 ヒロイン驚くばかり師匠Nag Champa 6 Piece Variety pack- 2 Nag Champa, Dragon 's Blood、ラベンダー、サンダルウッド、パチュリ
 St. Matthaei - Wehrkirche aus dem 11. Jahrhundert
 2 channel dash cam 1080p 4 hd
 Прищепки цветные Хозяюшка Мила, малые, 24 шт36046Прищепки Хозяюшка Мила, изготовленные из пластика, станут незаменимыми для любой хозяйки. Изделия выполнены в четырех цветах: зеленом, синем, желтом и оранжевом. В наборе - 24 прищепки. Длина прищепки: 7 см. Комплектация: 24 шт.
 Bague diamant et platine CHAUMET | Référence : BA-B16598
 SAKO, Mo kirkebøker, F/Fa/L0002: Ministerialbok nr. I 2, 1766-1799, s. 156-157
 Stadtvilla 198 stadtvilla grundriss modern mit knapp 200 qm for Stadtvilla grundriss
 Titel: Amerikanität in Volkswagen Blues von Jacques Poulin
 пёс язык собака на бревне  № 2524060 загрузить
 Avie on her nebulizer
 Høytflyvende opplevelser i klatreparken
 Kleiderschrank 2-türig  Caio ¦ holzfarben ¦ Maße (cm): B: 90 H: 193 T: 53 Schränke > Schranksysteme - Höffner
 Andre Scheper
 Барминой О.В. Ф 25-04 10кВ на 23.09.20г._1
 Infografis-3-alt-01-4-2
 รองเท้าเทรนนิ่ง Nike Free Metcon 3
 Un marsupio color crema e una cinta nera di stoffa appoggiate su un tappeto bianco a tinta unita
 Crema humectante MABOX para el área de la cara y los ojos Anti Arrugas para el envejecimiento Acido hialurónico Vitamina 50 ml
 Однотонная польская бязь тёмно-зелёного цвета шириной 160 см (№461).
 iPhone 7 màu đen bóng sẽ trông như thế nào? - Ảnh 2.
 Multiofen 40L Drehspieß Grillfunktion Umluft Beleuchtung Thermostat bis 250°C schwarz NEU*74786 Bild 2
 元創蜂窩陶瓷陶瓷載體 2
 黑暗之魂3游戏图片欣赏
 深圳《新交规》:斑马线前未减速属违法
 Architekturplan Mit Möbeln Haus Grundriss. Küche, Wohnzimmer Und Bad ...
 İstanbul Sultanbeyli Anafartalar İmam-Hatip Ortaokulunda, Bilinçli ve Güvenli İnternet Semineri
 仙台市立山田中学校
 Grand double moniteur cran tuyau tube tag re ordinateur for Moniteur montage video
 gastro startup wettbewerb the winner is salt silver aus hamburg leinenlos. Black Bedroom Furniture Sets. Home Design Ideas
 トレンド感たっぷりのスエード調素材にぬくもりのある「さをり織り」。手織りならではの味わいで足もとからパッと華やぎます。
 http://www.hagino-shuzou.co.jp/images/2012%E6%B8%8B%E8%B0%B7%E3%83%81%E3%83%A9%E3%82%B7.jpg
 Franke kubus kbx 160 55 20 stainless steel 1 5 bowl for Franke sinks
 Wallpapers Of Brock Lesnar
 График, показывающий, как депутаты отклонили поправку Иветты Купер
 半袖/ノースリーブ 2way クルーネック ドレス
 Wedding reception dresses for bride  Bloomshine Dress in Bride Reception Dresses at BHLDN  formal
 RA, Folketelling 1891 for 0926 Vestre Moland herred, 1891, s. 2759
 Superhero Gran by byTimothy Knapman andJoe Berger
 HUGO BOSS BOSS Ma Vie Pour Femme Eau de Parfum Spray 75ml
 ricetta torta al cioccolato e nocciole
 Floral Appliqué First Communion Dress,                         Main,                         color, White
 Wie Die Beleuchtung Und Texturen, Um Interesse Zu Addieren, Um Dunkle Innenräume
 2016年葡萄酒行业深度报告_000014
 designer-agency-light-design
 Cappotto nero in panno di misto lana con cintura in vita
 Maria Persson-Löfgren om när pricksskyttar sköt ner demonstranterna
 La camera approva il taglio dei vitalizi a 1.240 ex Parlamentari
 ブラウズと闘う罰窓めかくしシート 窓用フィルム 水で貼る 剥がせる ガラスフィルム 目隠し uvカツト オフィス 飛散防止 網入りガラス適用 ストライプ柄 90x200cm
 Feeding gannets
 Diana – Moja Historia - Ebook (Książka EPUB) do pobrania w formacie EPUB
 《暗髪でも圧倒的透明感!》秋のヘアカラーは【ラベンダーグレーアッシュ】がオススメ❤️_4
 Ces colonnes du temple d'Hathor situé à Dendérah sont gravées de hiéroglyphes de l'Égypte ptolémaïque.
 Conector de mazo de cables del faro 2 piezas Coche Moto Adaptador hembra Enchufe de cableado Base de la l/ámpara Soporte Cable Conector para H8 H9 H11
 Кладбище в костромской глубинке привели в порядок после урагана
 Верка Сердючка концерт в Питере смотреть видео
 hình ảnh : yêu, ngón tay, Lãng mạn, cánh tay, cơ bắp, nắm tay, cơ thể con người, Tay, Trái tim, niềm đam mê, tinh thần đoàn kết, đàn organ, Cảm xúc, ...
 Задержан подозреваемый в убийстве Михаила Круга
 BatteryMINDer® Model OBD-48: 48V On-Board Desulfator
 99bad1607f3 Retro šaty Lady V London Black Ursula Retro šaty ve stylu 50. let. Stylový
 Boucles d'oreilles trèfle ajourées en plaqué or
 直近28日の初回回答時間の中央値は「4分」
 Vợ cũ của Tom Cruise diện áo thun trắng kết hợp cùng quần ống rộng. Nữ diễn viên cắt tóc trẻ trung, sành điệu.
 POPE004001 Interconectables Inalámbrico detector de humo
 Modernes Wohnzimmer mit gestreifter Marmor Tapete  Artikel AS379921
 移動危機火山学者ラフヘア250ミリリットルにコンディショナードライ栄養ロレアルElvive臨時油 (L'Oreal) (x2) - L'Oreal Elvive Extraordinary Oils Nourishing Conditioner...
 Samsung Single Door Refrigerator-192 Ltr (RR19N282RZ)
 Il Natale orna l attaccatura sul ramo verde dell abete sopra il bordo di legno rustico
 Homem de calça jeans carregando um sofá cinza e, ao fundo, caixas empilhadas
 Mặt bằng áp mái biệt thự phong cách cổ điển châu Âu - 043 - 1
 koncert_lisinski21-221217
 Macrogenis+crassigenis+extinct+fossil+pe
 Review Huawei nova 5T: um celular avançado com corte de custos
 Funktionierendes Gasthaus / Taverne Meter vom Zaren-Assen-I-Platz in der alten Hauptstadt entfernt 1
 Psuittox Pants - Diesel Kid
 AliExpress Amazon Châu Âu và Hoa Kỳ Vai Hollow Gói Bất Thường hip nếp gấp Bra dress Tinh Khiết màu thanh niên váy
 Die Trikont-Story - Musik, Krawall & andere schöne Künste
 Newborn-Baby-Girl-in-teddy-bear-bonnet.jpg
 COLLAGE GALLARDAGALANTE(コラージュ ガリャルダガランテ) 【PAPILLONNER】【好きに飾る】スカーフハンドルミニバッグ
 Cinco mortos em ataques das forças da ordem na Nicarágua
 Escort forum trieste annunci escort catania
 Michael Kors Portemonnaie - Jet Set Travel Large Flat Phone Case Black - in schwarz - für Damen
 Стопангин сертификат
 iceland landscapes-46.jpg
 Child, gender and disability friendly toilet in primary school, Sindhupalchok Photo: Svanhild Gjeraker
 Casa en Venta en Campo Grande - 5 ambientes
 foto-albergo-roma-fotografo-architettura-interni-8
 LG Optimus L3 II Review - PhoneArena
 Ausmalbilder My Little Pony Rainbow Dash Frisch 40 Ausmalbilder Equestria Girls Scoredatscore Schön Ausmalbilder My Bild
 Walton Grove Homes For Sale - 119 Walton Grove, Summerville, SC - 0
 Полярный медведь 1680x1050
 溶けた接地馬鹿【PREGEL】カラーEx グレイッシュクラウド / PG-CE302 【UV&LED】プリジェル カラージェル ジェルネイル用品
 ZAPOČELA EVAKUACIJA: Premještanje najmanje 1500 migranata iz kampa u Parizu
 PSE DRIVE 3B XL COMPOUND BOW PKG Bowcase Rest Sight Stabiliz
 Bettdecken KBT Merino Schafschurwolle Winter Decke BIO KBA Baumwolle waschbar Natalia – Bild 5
--------------------------------------------------
_Instructions for the task_:
Reproduce, word for word and in full, only the lines above that start at the line with "пёс язык собака" and run through the line with "ricetta torta al cioccolato e nocciole", both ends included.

_Your response_:
 пёс язык собака на бревне  № 2524060 загрузить
 Avie on her nebulizer
 Høytflyvende opplevelser i klatreparken
 Kleiderschrank 2-türig  Caio ¦ holzfarben ¦ Maße (cm): B: 90 H: 193 T: 53 Schränke > Schranksysteme - Höffner
 Andre Scheper
 Барминой О.В. Ф 25-04 10кВ на 23.09.20г._1
 Infografis-3-alt-01-4-2
 รองเท้าเทรนนิ่ง Nike Free Metcon 3
 Un marsupio color crema e una cinta nera di stoffa appoggiate su un tappeto bianco a tinta unita
 Crema humectante MABOX para el área de la cara y los ojos Anti Arrugas para el envejecimiento Acido hialurónico Vitamina 50 ml
 Однотонная польская бязь тёмно-зелёного цвета шириной 160 см (№461).
 iPhone 7 màu đen bóng sẽ trông như thế nào? - Ảnh 2.
 Multiofen 40L Drehspieß Grillfunktion Umluft Beleuchtung Thermostat bis 250°C schwarz NEU*74786 Bild 2
 元創蜂窩陶瓷陶瓷載體 2
 黑暗之魂3游戏图片欣赏
 深圳《新交规》:斑马线前未减速属违法
 Architekturplan Mit Möbeln Haus Grundriss. Küche, Wohnzimmer Und Bad ...
 İstanbul Sultanbeyli Anafartalar İmam-Hatip Ortaokulunda, Bilinçli ve Güvenli İnternet Semineri
 仙台市立山田中学校
 Grand double moniteur cran tuyau tube tag re ordinateur for Moniteur montage video
 gastro startup wettbewerb the winner is salt silver aus hamburg leinenlos. Black Bedroom Furniture Sets. Home Design Ideas
 トレンド感たっぷりのスエード調素材にぬくもりのある「さをり織り」。手織りならではの味わいで足もとからパッと華やぎます。
 http://www.hagino-shuzou.co.jp/images/2012%E6%B8%8B%E8%B0%B7%E3%83%81%E3%83%A9%E3%82%B7.jpg
 Franke kubus kbx 160 55 20 stainless steel 1 5 bowl for Franke sinks
 Wallpapers Of Brock Lesnar
 График, показывающий, как депутаты отклонили поправку Иветты Купер
 半袖/ノースリーブ 2way クルーネック ドレス
 Wedding reception dresses for bride  Bloomshine Dress in Bride Reception Dresses at BHLDN  formal
 RA, Folketelling 1891 for 0926 Vestre Moland herred, 1891, s. 2759
 Superhero Gran by byTimothy Knapman andJoe Berger
 HUGO BOSS BOSS Ma Vie Pour Femme Eau de Parfum Spray 75ml
 ricetta torta al cioccolato e nocciole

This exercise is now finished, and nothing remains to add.